The Plaintiff’s Attack on GNC’s “Combo” Pay Plan

In Lalli v. General Nutrition Centers, In., et al., GNC Store Manager Joseph Lalli received a fixed weekly salary regardless of his hours worked, plus weekly commissions for his sales. Because he received a fixed salary for fluctuating hours plus weekly performance-based bonuses, GNC calculated his overtime rate using the “half-time” method outlined in the FLSA interpretive bulletins at 29 C.F.R § 778.114 and § 778.118.  Lalli challenged the company’s overtime calculations on the basis that his commissions altered the fixed nature of his weekly pay and thus removed his compensation from the half-time purview of Section 778.114.

Employee Compensation: Have It Your Way (Almost)

In denying the Plaintiff’s claims (more on that below), the First Circuit confirmed that employers should be able to structure compensation plans to suit their business needs and incentivize their workers, and that employers should not be restrained by the compensation plan examples outlined in 29 C.F.R. § 778.109-.122.  While noting that the two pay plans at issue (fixed salary for fluctuating hours and commissions) were “‘examples’ of compliant pay structures,” the First Circuit explicitly rejected the implication that a “pay scheme must fall within a regulatory example in order to comply with the [FLSA].”  As in this case, the Court explained, “different types of remuneration…may be combined in a compliant compensation plan.”  Indeed, the Court concluded, “[i]t was not the purpose of Congress in enacting the [FLSA] to impose upon the almost infinite variety of employment situations a single, rigid form of wage agreements.”

Additional Performance-Based Pay Does Not Jeopardize the Fluctuating Workeek Method

Lalli argued his salary was not “fixed” for purposes of Section 778.114 because his compensation fluctuated from week to week on account of the commissions he earned, citing in support the First Circuit’s 2003 O’Brien v. Town of Agawam decision and an April 2011 DOL bulletin.

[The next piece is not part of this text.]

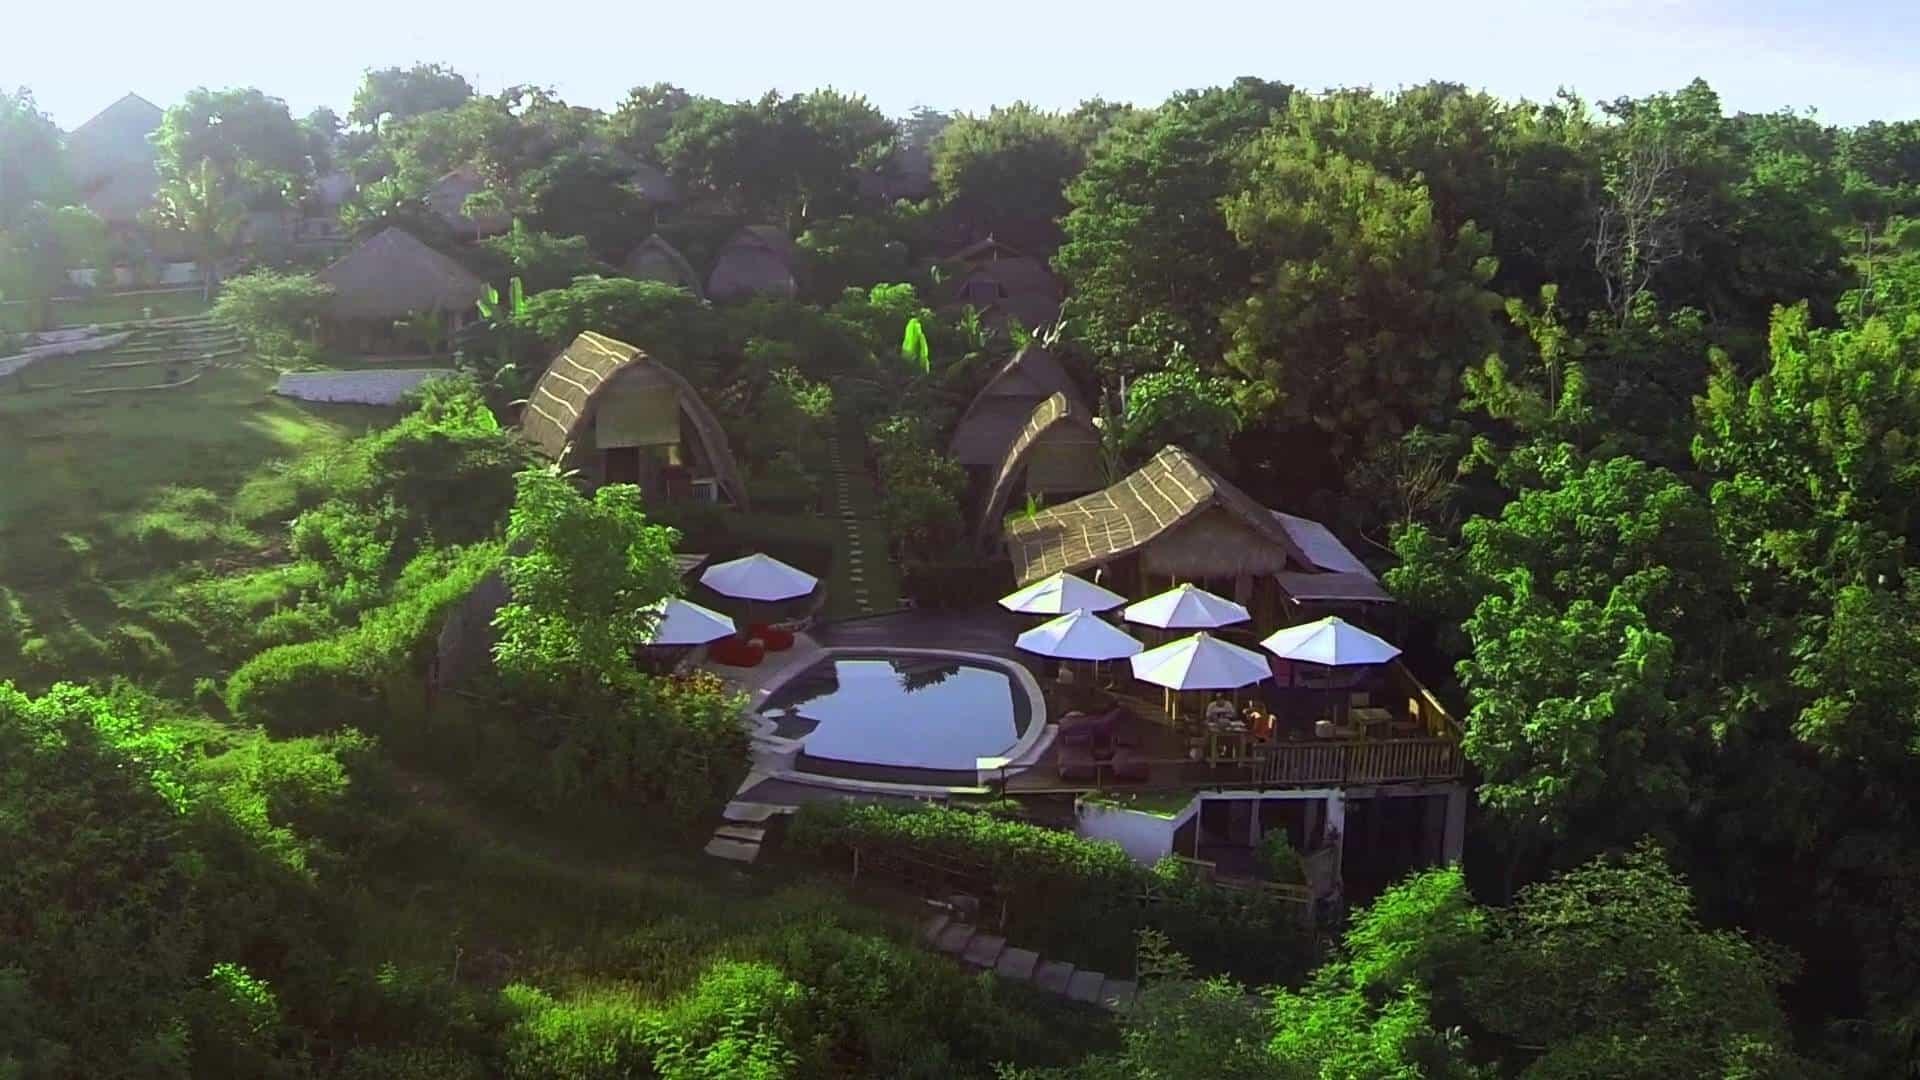 hotel Bali Balangan vue générale

The O’Brien court held that contractually-stipulated overtime pay for each hour in excess of eight per shift and an additional bonus of $10 per week for nightshifts, in addition to the employees’ salaries, disrupted the “fixed salary” element of the fluctuating workweek.  Further, in July 2008, the DOL proposed a change to 29 C.F.R. § 778.114 to clarify the validity of the fluctuating workweek when paired with “overtime premiums and other bonus and non-overtime premiums.”  In its April 2011 bulletin, however, the DOL changed course and opted to leave Section 778.114 unaltered.  Lalli argued that this change of heart was meant to signal that Section 778.114 is not applicable whenever bonuses or additional payments are included on top of a fixed salary.

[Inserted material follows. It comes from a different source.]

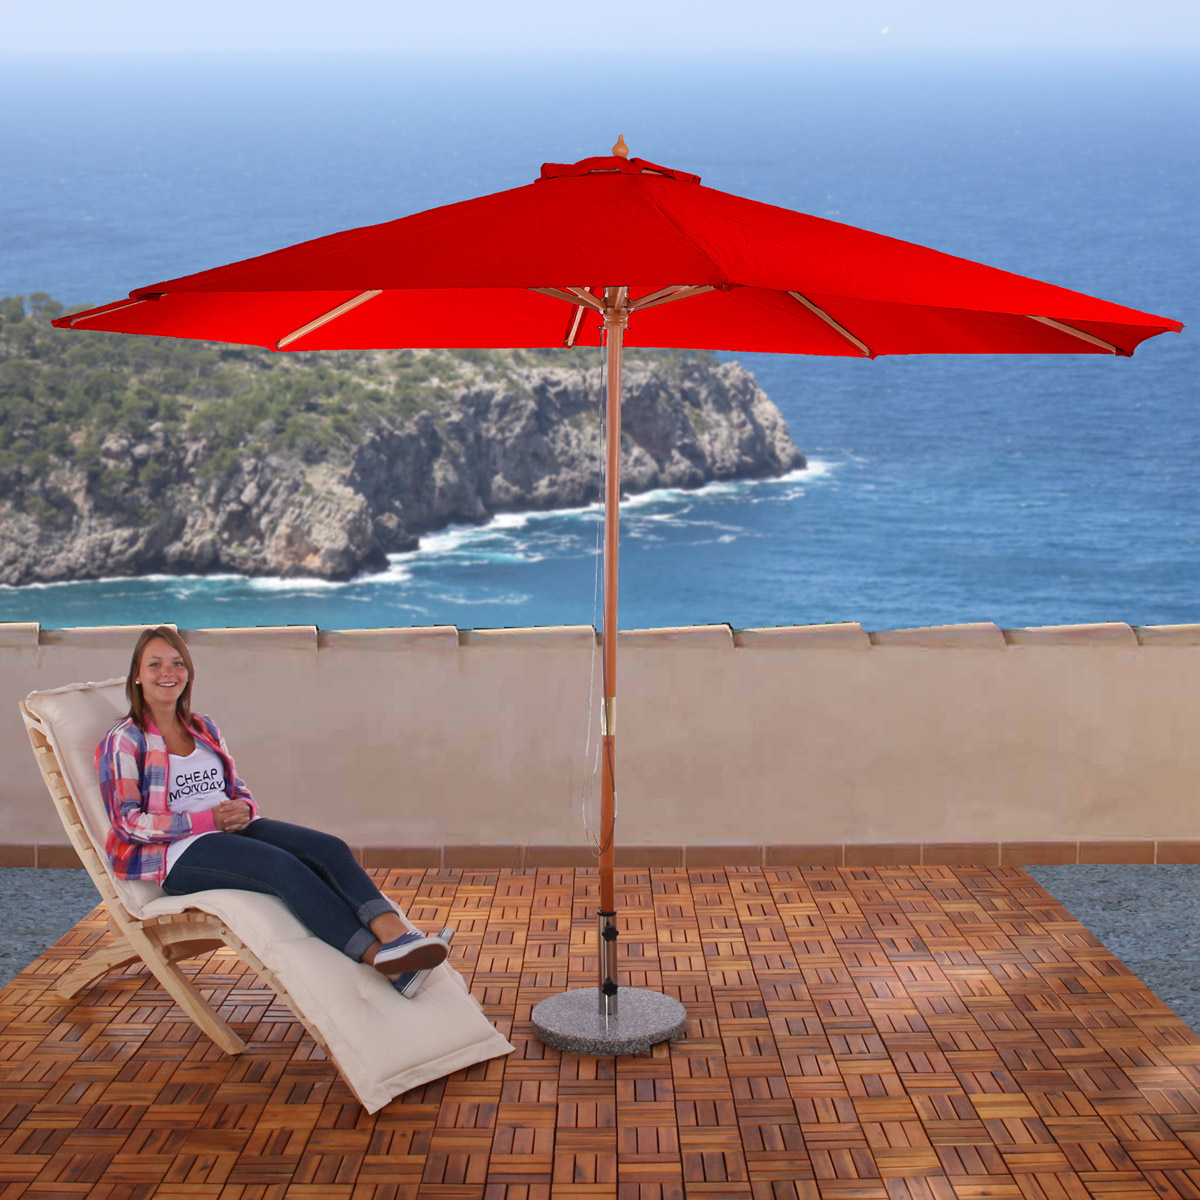 sonnenschirm florida gartenschirm marktschirm 3 5m polyester holz 7kg bordeau. Black Bedroom Furniture Sets. Home Design Ideas

According to the First Circuit, both authorities were inapposite to this case.  “[N]either the O’Brien decision nor the DOL’s April 2011 bulletin,” the Court noted, “reach or answer the particular question posed here: whether a compensation structure employing a fixed salary still complies with section 778.114 when it includes additional, variable performance-based commissions.”  O’Brien was distinguishable, the Court said, because Lalli’s performance-based compensation was unrelated to hours worked.  Similarly, the DOL’s 2011 bulletin was unavailing because it cited only to cases rejecting hours-based bonuses. As the First Circuit observed, “[i]f anything, the DOL bulletin indirectly approved of the developing distinction between time-based and performance-based bonuses.”

Ultimately, the Court rejected Lalli’s plea that “two rights make a wrong,” holding that “GNC’s pay scheme epitomizes the compensation arrangements illustrated in sections 778.114 and 778.118, and the mere combination of these two permissible methods does not render the former inapplicable.”  While this decision reinforces employers’ wide latitude in implementing creative and multi-faceted compensation plans, creativity and discretion should not be interpreted as a substitute for overtime compliance.  In this case, the half-time overtime method under Section 778.114 was lawfully paired with the half-time overtime method under Section 778.118.  Employers seeking to implement other or more creative combinations should consult with experienced wage-hour counsel to ensure their pay plans are compliant.